Obligations under employment contract (1) $ 2,000
Deferred taxes (2) 3,475
--------
$ 5,475
========
(1) The $2 million accrued obligation was calculated in
accordance with the terms of an employment agreement.
(2) Deferred taxes primarily relate to Terra Nova's accumulated
earnings which have not previously been subject to U.S.
taxation and to record deferred income taxes which reflect
the net tax effect of the temporary differences between the
carrying amounts of the assets and liabilities for financial
reporting purposes and their respective U.S. tax bases.
<PAGE>
(D) To record the following:
Write off Terra Nova Debt Costs (1) (2,059)
Pension Asset (2) 14,861
-------
$12,802
=======
(1) Represents the adjustment to write off Terra Nova's
unamortized debt issuance costs which provide no economic
value to the combined entity.
(2) A pension asset is recorded for the excess of the fair value
of plan assets over projected benefit obligations. A recent
external valuation of the pension plan was used to estimate
the fair value adjustment.
(E) To record consolidating and eliminating entries.

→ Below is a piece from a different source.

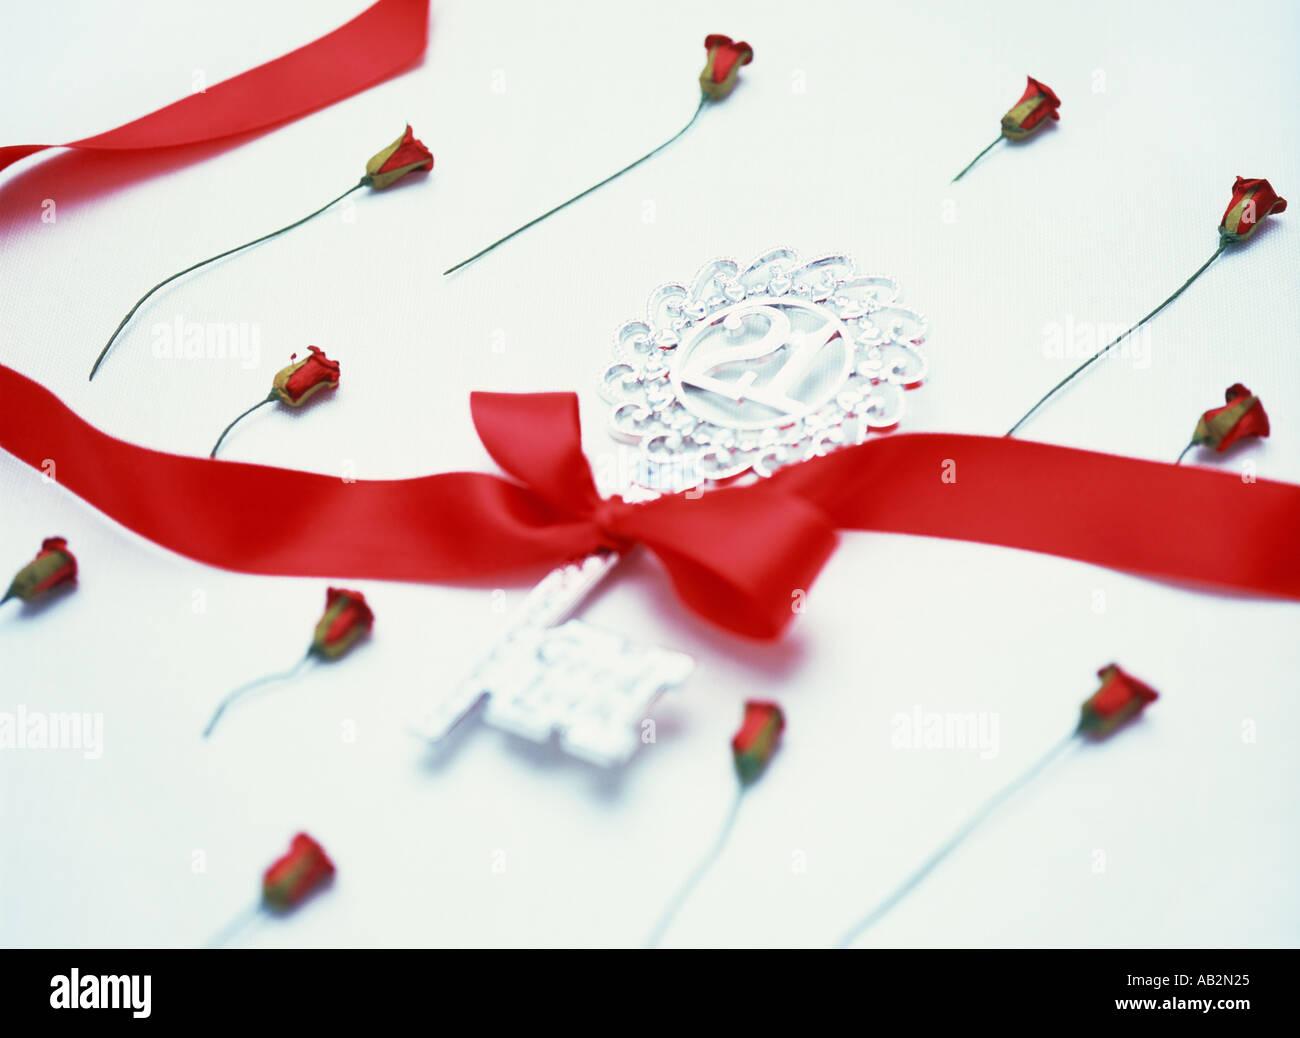 21st birthday celebration key and roses - Stock Image
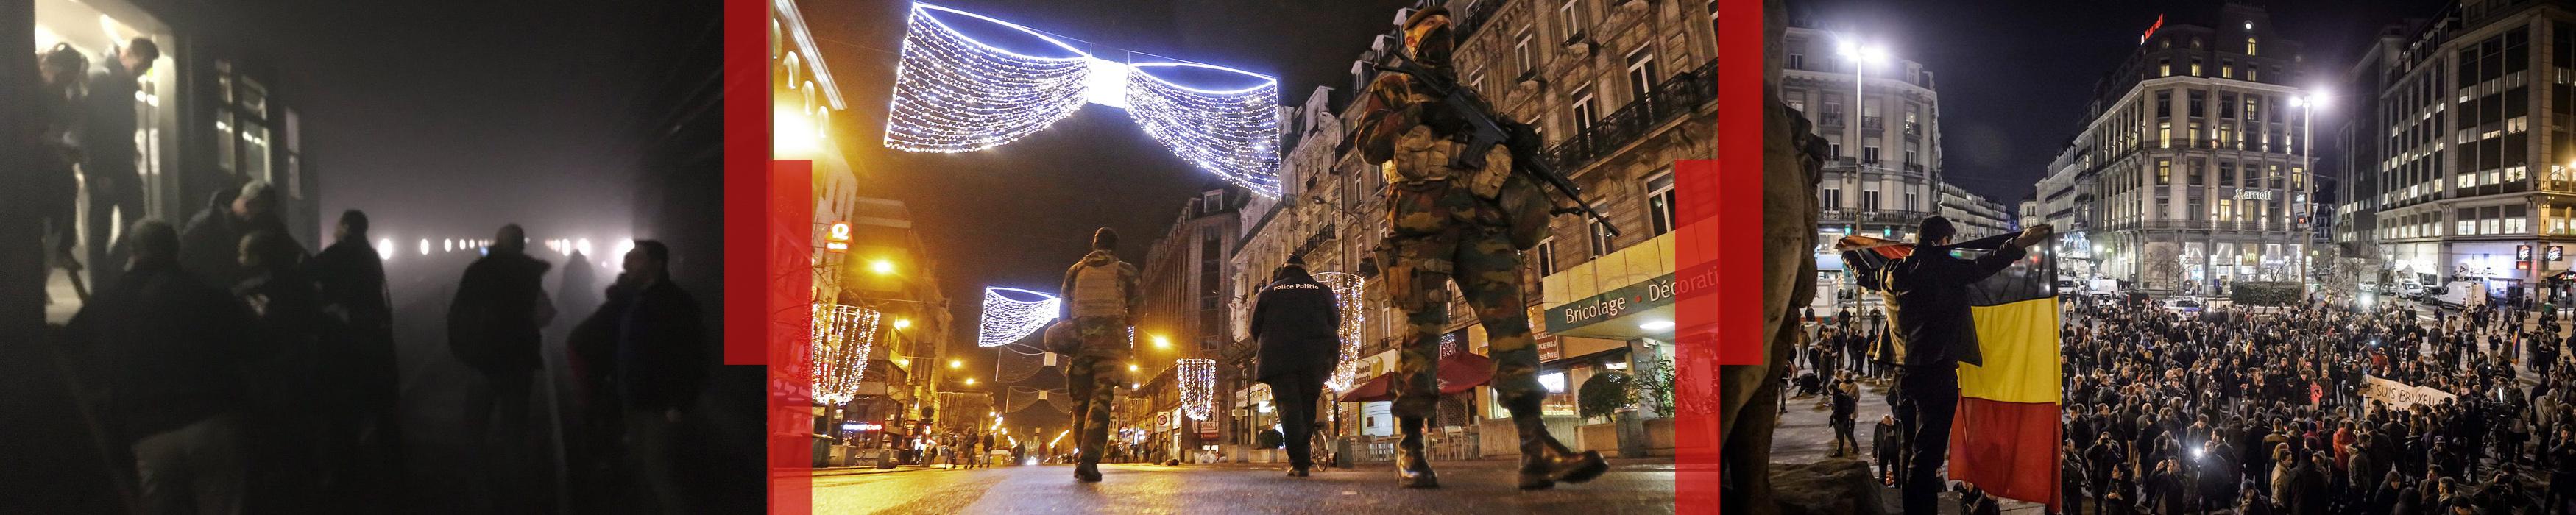 Chasse l 39 homme en belgique qui entre dans trois jours for Piscine zaventem horaire

3. Adjustments - Unaudited Pro Forma Condensed Consolidated Statement of
Income - Markel/Terra Nova
The accompanying unaudited Pro Forma Condensed Consolidated Statement of Income
for the year ended December 31, 1999 reflect certain adjustments which are
explained below and are based on assumptions made by management. These
adjustments are required to give effect to matters directly attributable to the
acquisition. The explanations of these adjustments are as follows:
(F) Reduction in net investment income due to net cash used in funding the
transaction; the rate of return is calculated at 6%. The 6% rate of return
is based on historical average yields for the Company's investment
portfolio.
(G) Excess of cost over fair value of net assets acquired is amortized on a
straight line basis over 20 years. The estimated life of the business
acquired was determined based on the value of the Lloyd's franchise, the
investment portfolio's earning power and profitable books of business
acquired, as well as the capital requirements and other barriers to
entering the business acquired.
(H) Interest on borrowed funds under revolving lines of credit is assumed to
be 7.7% which is calculated as LIBOR plus 1.25% as specified in the credit
facility. For the year ended December 31, 1999, a change of 1/8 percent in
the interest rate would result in a change in interest expense and income
from continuing operations of $0.3 million and $0.2 million before and
after taxes, respectively. In addition, the fair value adjustment for
Terra Nova's long term debt is amortized over the remaining lives of those
debt instruments.
(I) Taxes on the reduction in net investment income and interest expense pro
forma adjustments are calculated at an assumed 35% statutory rate. In
addition, as a result of the merger, Terra Nova's operations will be
subject to taxation in the United States. Taxes have been recorded for
Terra Nova in accordance with United States tax regulations.